*REQUIREMENT:* Set down exactly the lines from the one containing "SteelMaster Heavy-Duty Steel" through the last line of the records below, both included, and nothing else.

[Collection entries]
-*-

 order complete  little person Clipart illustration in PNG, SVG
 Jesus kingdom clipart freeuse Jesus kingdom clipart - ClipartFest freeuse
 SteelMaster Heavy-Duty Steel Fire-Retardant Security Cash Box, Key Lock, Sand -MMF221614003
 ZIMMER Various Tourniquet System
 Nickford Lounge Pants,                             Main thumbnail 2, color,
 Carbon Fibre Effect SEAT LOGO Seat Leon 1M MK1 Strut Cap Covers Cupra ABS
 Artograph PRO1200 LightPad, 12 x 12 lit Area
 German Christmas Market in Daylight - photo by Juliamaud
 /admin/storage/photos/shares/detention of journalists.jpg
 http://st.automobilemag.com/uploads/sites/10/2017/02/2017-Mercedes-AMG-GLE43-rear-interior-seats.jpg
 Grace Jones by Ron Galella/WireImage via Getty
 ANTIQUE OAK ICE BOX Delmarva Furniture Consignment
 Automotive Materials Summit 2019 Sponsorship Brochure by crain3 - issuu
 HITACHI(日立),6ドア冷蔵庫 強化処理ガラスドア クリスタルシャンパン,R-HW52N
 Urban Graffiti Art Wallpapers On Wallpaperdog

-*-

*RESPONSE AREA:*
 SteelMaster Heavy-Duty Steel Fire-Retardant Security Cash Box, Key Lock, Sand -MMF221614003
 ZIMMER Various Tourniquet System
 Nickford Lounge Pants,                             Main thumbnail 2, color,
 Carbon Fibre Effect SEAT LOGO Seat Leon 1M MK1 Strut Cap Covers Cupra ABS
 Artograph PRO1200 LightPad, 12 x 12 lit Area
 German Christmas Market in Daylight - photo by Juliamaud
 /admin/storage/photos/shares/detention of journalists.jpg
 http://st.automobilemag.com/uploads/sites/10/2017/02/2017-Mercedes-AMG-GLE43-rear-interior-seats.jpg
 Grace Jones by Ron Galella/WireImage via Getty
 ANTIQUE OAK ICE BOX Delmarva Furniture Consignment
 Automotive Materials Summit 2019 Sponsorship Brochure by crain3 - issuu
 HITACHI(日立),6ドア冷蔵庫 強化処理ガラスドア クリスタルシャンパン,R-HW52N
 Urban Graffiti Art Wallpapers On Wallpaperdog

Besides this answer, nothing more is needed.